Volgens rechter Roger T. Benitez van de Amerikaanse districtsrechtbank voor het zuidelijke district van Californië kan goede trouw een verdediging zijn tegen een TCPA-claim. In Chyba v. First Financial Asset Management, Inc. klaagde eiseres Pamela Chyba First Financial Asset Management, Inc. aan op grond van de Telephone Consumer Protection Act. Zij beweerde dat First Financial haar meerdere keren op haar mobiele telefoon had gebeld zonder haar uitdrukkelijke toestemming.

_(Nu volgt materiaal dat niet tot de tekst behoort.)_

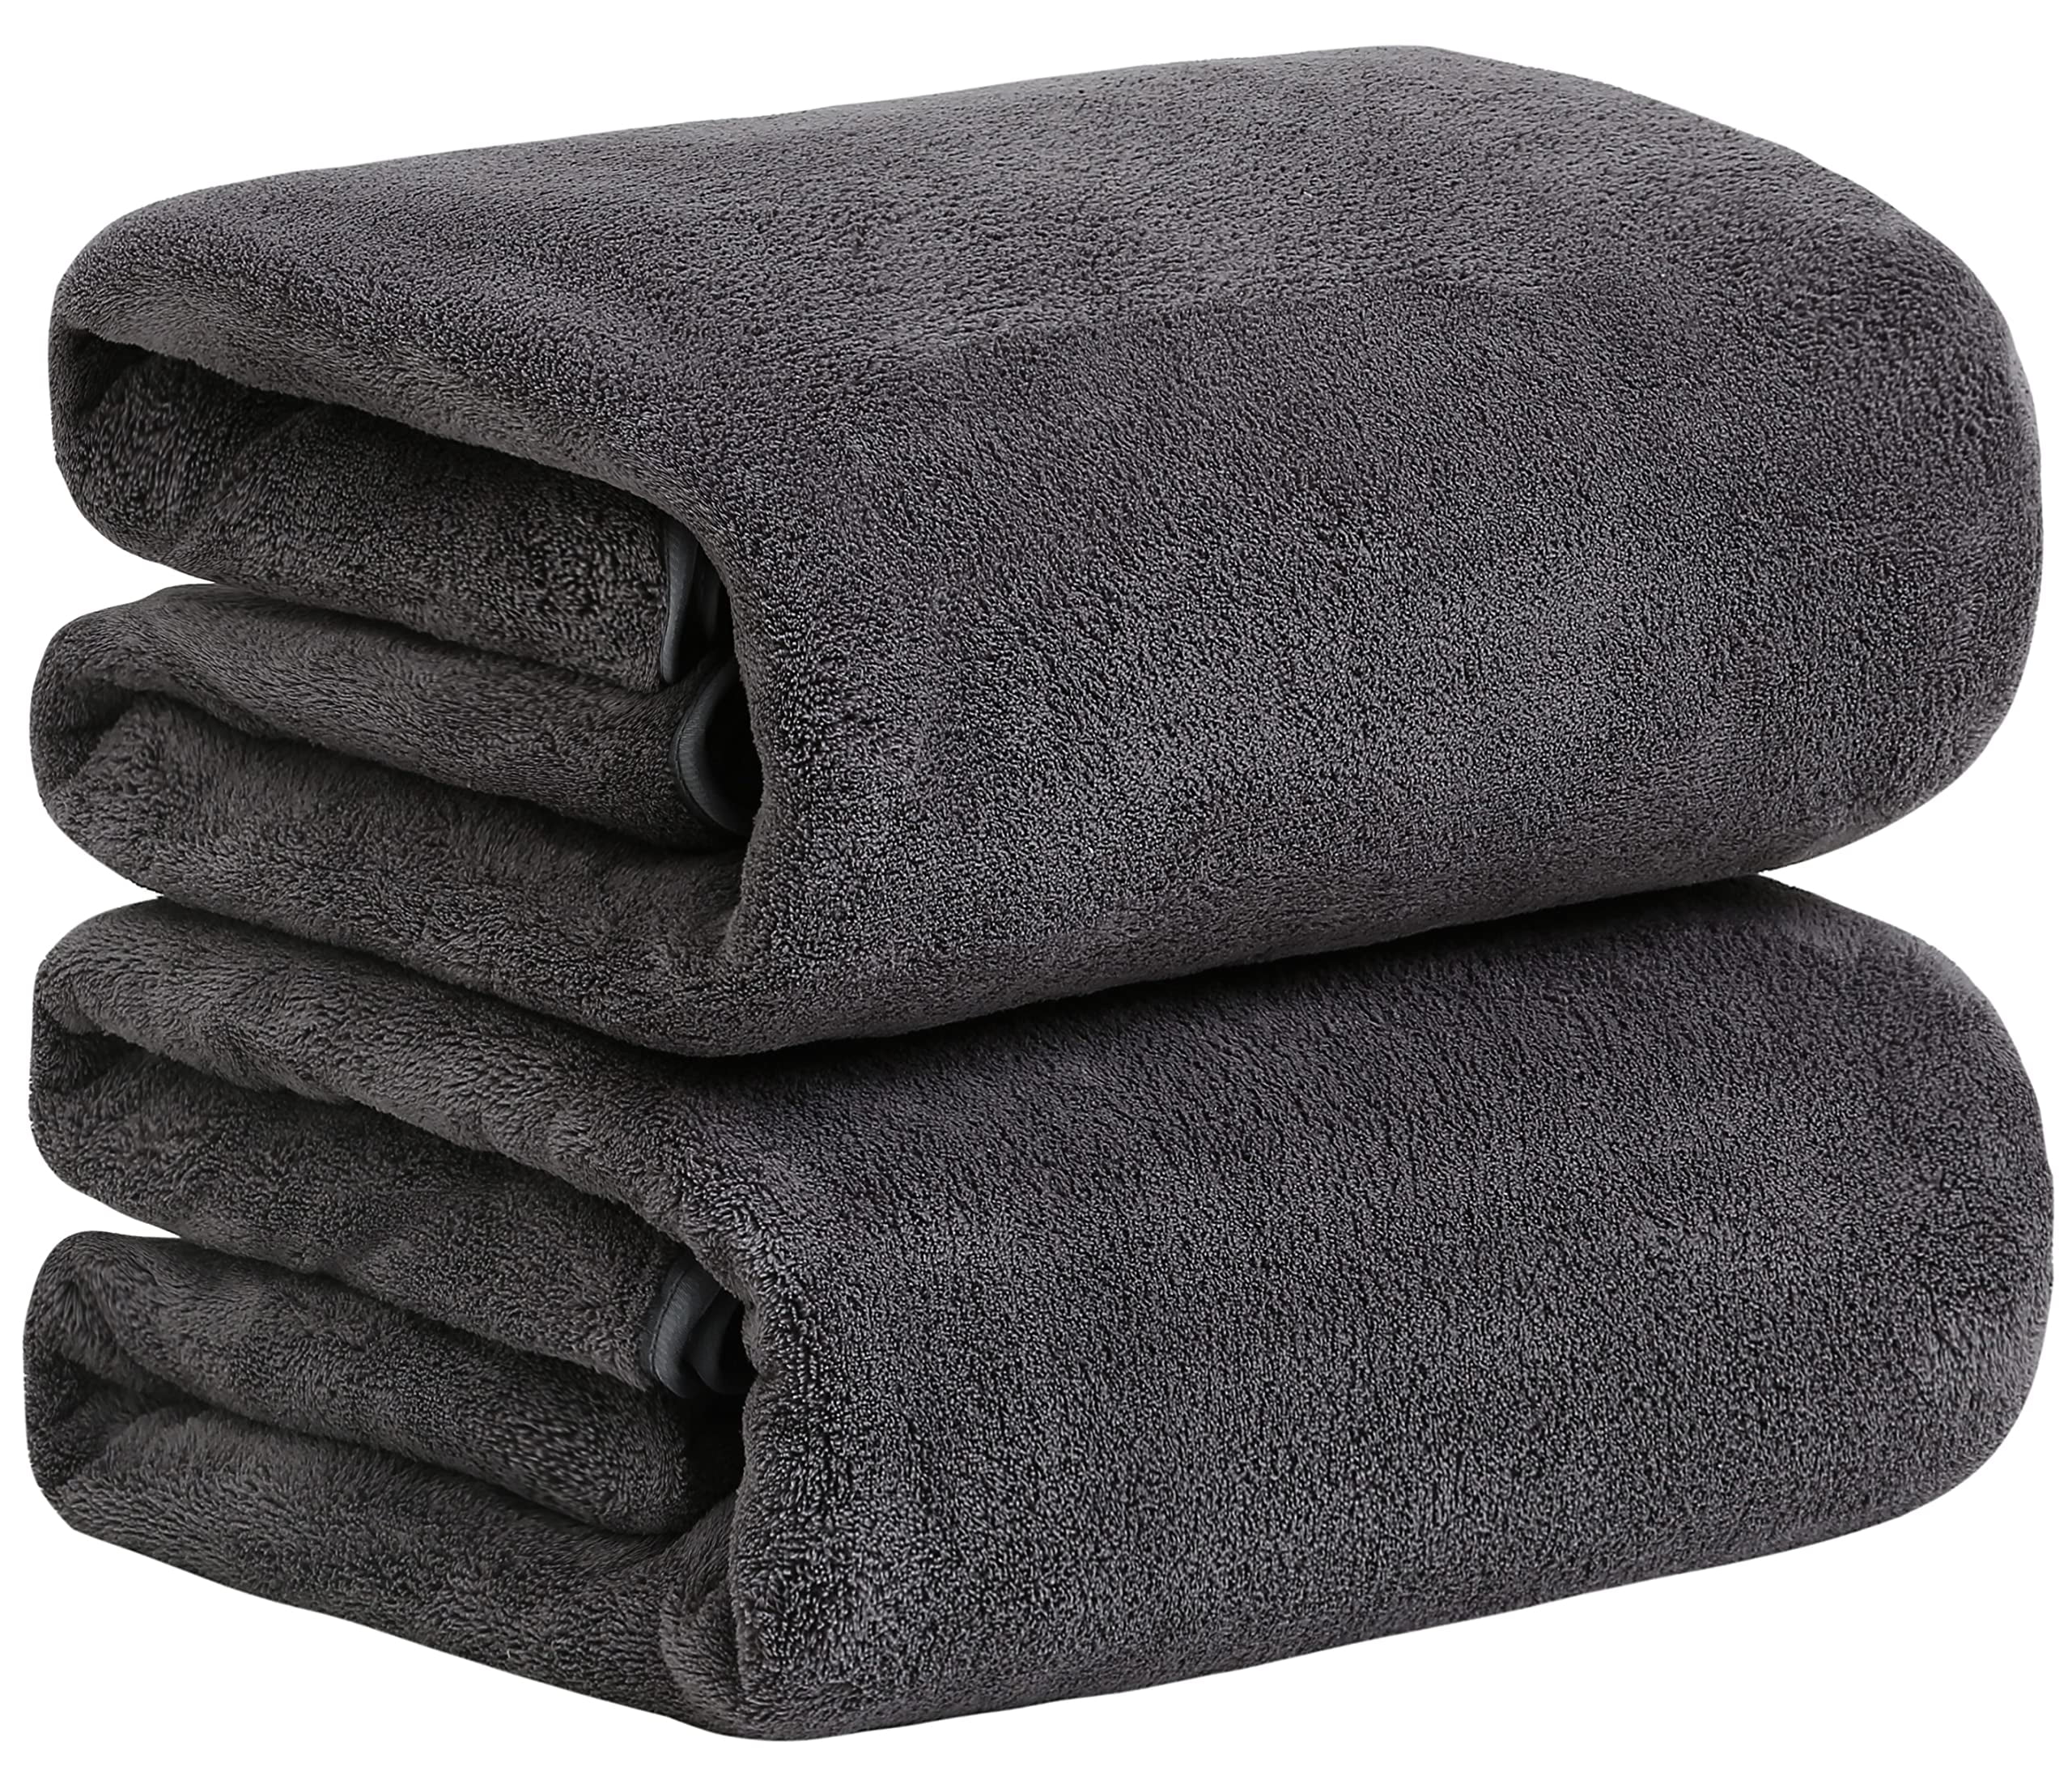  MAGGEA 4 Piece Oversized Bath Sheet Towels (35 x 70 in,Navy  Blue) 700 GSM Ultra Soft Bath Towel Set Thick Large Cozy Plush Highly  Absorbent Towels Quick Dry Bathroom Towels Hotel

First Financial antwoordde dat het een incassobureau was dat optrad namens Enterprise Rent-A-Car. Enterprise beweerde dat Chyba geld verschuldigd was vanwege schade aan een auto die ze had gehuurd. Chyba zei dat ze de auto niet had gehuurd en dat ze, zelfs als ze dat wel had gedaan, nooit haar telefoonnummer aan Enterprise had gegeven.
De partijen waren het oneens over de vraag of First Financial vooraf toestemming had om het mobiele telefoonnummer van de eiser te bellen. First Financial diende een verzoek in voor een kort geding. De rechtbank merkte op dat als Enterprise toestemming had, First Financial dat ook had. Telefoontjes van externe incassobureaus namens een schuldeiser worden behandeld alsof de schuldeiser zelf heeft gebeld.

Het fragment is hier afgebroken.